Acropora grandis is a colonial species of staghorn coral that can grow into a large clump as much as 7 m across. In shallow water it tends to grow as a prostrate, tangled bush with thick branches but in deeper water it has a more upright and open structure. The radial corallites are varied in shape and size and those near the tips of the branches are tubular and elongated. The general colour is usually reddish-brown but can be various shades of blue, green or purple. The branch tips are a paler colour, have multiple axial corallites and are fragile and easily damaged. The polyps usually have twelve tentacles, one of which is elongated, and are connected together inside the skeleton by a maze of interconnecting channels.

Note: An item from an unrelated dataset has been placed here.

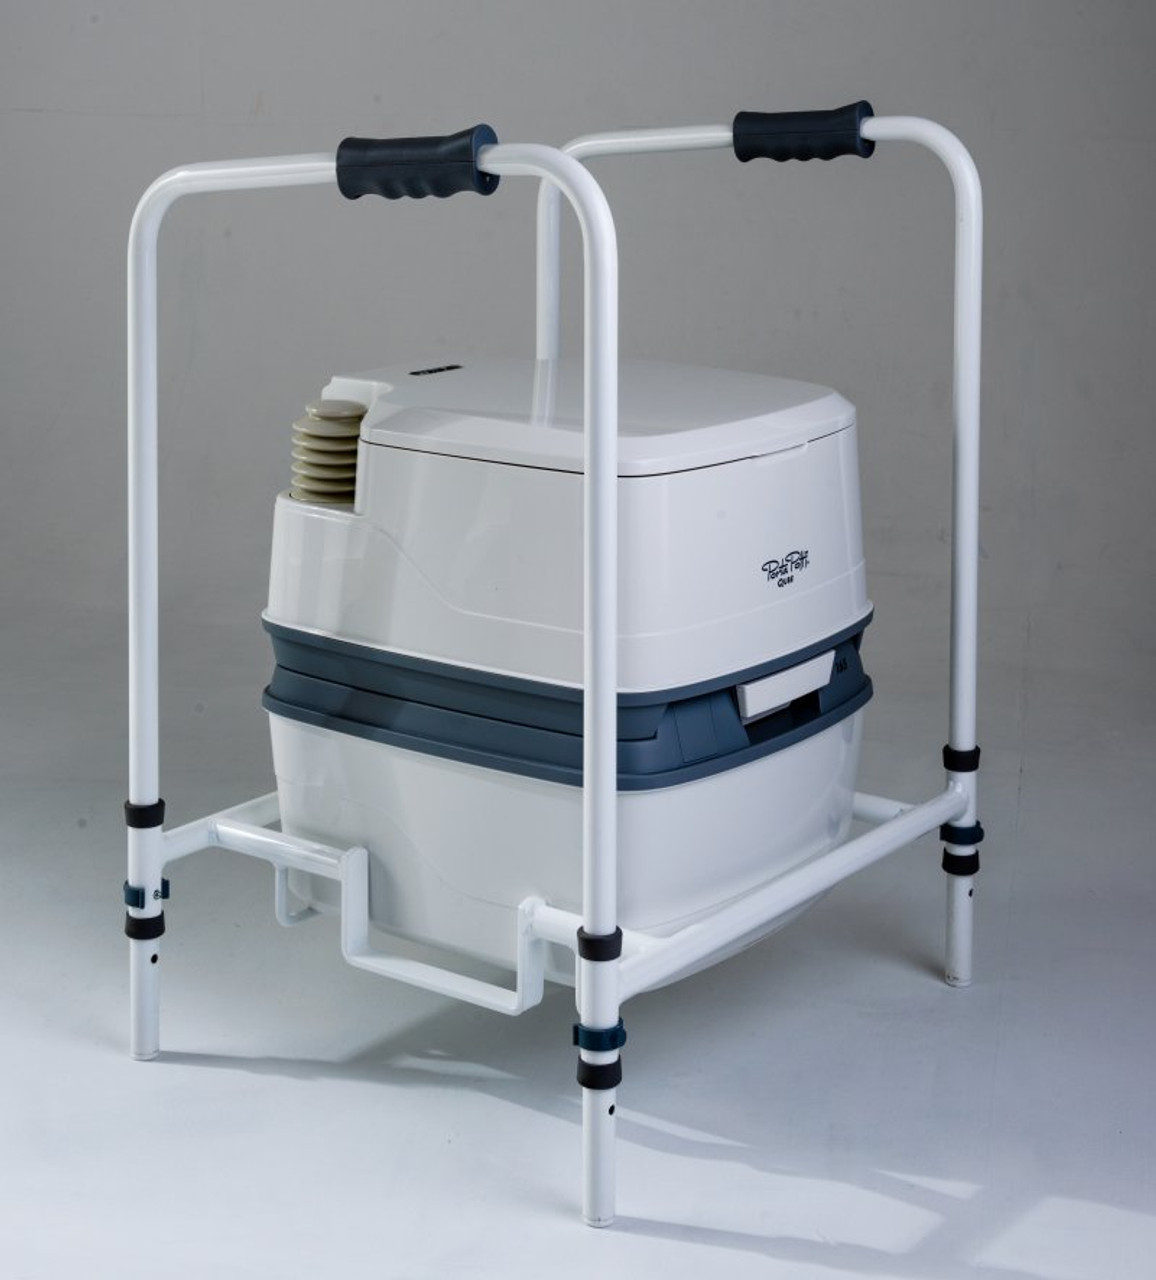 Thetford Dignified Toilet Porta Potti Aid with Folding ...

==Distribution and habitat==
Acropora grandis is found in shallow water in the western Indo-Pacific. Its range includes Madagascar, Mozambique, the Red Sea, Mauritius, Malaysia, Indonesia, New Guinea and the Great Barrier Reef. It grows in various reef locations but is more common on the upper slopes and in lagoons. The depth range is 5 to 15 m and it favours a well-lit site with a strong current.

==Biology==
Acropora grandis is a zooxanthellate species of coral. This means that it has symbiotic dinoflagellates living within its tissues. These photosynthetic microalgae, combined with pigments in the tissue, are responsible for the colour of the colony and provide a proportion of its nutritional needs.

Acropora grandis liberates its gametes into the sea where fertilisation takes place. Synchronised spawning takes place, and in the part of its range in the Northern Hemisphere, this is four or five days after the full moon. The larvae are planktonic and drift with the currents before settling on the seabed to start a new colony.

When fragments of Acropora grandis were planted into a mid-water nursery bed, over 95% survived and these were later transplanted onto a reef at Phi Phi Islands, Thailand that had been devastated by the 2004 Indian Ocean Tsunami. This was successful and showed that damaged reefs can be regenerated with the help of fast-growing corals.